§ Directions
Copy every line of the listing that holds the string "Jeans".

Start of Extracted material

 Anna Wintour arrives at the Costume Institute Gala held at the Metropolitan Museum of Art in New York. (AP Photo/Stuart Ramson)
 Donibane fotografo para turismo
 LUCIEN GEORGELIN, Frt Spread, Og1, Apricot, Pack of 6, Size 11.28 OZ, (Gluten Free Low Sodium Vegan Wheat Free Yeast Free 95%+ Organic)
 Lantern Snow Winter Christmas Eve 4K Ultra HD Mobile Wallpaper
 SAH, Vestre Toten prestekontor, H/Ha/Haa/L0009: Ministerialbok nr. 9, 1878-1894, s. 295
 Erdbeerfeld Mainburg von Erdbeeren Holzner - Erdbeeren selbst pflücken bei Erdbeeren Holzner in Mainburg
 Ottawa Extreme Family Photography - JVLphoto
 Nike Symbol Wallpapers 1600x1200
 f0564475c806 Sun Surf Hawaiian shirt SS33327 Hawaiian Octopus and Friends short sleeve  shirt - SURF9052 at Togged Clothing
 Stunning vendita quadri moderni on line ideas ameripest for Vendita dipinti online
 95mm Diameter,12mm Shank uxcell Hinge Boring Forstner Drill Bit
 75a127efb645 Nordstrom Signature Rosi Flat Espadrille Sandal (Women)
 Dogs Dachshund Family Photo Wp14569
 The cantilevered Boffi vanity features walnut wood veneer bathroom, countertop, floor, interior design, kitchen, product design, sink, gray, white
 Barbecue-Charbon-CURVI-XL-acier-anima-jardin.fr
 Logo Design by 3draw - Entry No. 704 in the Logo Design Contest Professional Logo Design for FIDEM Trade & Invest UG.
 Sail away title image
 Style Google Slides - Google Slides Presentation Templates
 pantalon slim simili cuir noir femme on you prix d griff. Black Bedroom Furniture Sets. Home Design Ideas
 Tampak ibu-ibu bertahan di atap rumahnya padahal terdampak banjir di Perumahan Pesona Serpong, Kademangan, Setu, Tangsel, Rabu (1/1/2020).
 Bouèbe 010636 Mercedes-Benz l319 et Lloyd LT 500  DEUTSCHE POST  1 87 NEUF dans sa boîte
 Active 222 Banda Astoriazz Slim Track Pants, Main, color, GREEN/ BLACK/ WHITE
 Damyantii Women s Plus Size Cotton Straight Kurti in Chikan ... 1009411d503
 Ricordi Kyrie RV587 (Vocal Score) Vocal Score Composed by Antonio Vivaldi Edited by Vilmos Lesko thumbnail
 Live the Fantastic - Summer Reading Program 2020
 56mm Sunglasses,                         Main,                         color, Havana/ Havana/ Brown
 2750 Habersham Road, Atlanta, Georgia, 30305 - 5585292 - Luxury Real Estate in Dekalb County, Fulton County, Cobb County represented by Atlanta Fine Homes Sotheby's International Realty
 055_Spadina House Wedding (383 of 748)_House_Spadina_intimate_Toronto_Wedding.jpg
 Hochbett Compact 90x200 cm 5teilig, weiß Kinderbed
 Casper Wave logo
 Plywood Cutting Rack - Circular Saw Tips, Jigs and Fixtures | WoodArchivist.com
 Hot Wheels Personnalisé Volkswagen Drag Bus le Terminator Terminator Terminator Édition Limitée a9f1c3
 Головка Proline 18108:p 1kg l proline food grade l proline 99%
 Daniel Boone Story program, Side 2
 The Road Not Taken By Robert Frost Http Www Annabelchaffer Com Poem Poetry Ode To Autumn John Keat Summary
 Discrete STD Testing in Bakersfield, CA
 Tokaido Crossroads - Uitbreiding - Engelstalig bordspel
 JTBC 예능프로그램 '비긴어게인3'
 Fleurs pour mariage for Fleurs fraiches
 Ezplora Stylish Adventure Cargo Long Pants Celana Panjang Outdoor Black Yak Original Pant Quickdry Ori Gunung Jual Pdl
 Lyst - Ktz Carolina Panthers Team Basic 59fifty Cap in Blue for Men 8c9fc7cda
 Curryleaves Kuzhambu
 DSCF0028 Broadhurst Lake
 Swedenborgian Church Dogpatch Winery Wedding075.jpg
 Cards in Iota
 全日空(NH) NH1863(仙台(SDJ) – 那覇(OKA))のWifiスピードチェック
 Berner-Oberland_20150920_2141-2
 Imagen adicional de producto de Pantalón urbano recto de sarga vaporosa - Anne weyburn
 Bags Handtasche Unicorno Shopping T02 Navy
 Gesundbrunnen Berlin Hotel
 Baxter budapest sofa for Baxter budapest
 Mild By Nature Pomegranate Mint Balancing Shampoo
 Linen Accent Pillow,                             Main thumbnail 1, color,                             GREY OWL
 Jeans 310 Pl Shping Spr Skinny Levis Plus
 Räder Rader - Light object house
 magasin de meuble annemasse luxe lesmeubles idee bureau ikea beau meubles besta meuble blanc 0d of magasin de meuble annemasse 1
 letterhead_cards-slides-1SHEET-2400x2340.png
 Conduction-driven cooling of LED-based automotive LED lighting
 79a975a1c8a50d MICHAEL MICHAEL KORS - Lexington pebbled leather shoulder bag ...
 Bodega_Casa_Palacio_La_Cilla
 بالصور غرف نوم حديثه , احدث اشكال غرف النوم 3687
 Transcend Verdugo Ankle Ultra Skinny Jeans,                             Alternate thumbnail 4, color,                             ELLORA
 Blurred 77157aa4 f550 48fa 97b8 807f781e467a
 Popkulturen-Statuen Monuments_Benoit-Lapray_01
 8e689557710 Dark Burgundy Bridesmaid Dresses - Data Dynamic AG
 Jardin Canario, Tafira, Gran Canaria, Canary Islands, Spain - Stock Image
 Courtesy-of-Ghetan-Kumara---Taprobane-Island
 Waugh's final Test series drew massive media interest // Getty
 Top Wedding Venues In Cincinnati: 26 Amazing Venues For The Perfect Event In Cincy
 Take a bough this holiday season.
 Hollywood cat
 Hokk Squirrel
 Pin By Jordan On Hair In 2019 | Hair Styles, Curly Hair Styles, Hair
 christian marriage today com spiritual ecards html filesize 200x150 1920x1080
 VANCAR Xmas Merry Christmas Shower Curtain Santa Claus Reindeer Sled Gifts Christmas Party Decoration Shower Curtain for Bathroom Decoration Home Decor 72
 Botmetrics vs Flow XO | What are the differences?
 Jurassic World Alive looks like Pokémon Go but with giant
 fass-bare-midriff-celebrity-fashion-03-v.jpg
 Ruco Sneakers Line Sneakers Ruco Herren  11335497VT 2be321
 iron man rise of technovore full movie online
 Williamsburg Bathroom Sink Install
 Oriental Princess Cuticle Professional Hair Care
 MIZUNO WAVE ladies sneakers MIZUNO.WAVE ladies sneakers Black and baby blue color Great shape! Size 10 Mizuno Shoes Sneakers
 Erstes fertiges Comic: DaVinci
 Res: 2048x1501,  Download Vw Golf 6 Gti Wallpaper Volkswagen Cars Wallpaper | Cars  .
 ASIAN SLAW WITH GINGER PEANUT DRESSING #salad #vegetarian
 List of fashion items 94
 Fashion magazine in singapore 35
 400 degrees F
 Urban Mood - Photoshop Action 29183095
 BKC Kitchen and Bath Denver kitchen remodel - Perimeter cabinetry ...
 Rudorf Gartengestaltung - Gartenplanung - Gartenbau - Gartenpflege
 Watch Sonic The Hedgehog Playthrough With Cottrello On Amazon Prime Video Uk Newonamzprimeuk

End of Extracted material

§ Solution to this exercise
 Jeans 310 Pl Shping Spr Skinny Levis Plus
 Transcend Verdugo Ankle Ultra Skinny Jeans,                             Alternate thumbnail 4, color,                             ELLORA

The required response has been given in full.